12-06, 12:00–12:30 (UTC), Machine Learning Track
Before finalizing a machine learning model, data scientists conduct dozens, if not hundreds, of experiments. To keep track of these experiments, they employ setups of varying complexity, including physical notebooks, spreadsheets, or even complex configurations using various libraries and dedicated infrastructure. In this practical presentation, I will demonstrate how you and your team can start tracking experiments right away using a very simple setup, with most of the ingredients you are probably already using.

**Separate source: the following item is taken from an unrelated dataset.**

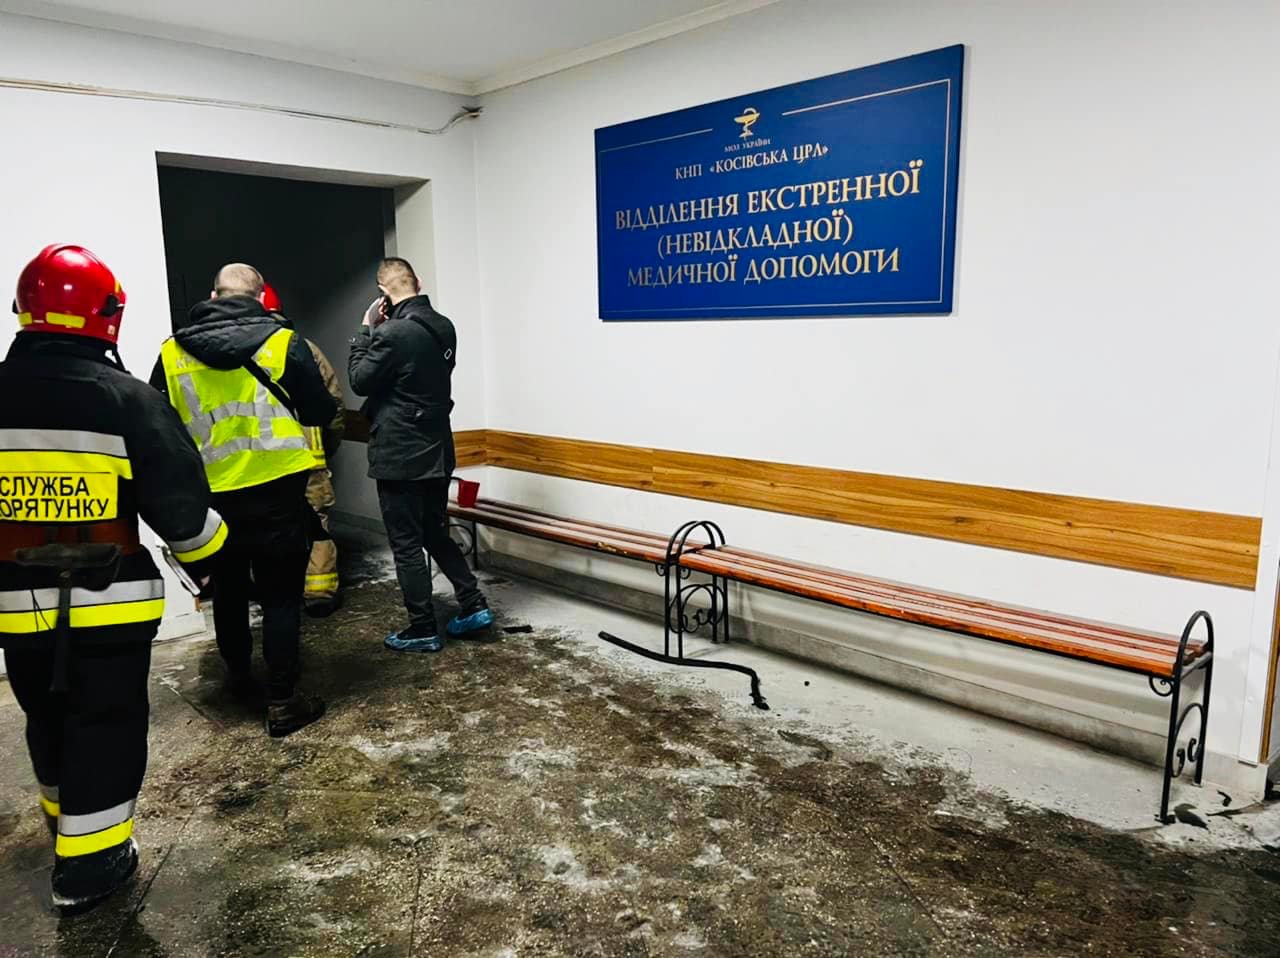 Після трагедії в Косові рятувальники перевірять всі лікарні

Currently, we often run dozens of machine learning experiments every day. While doing so, our primary focus naturally lies on performance metrics. However, ideally, we should also be able to track various aspects such as input data, code, model hyperparameters, and more. Without these, it could be extremely difficult, if not impossible, to fully reproduce these experiments.
In this practical presentation, I will demonstrate how you and your team can immediately start tracking experiments using a straightforward setup. All you need for this are Git, the VS Code IDE, and DVC.
This talk is intended for all data scientists, regardless of their experience level, as well as individuals interested in machine learning workflows. To follow the talk, you don't need in-depth ML expertise; basic familiarity with Python and scikit-learn will suffice. The best thing about this setup lies in its minimal impact on the project's codebase. You can start tracking and evaluating your experiments without a steep learning curve or extensive refactoring of the current codebase.
No previous knowledge expected
Eryk is an experienced data scientist who specializes in practical applications of data science methods. Outside of work, he has written over a hundred articles on topics related to data science, which have been viewed more than 4 million times. Additionally, he has authored two books on the application of Python in the financial context, both of which were published by Packt.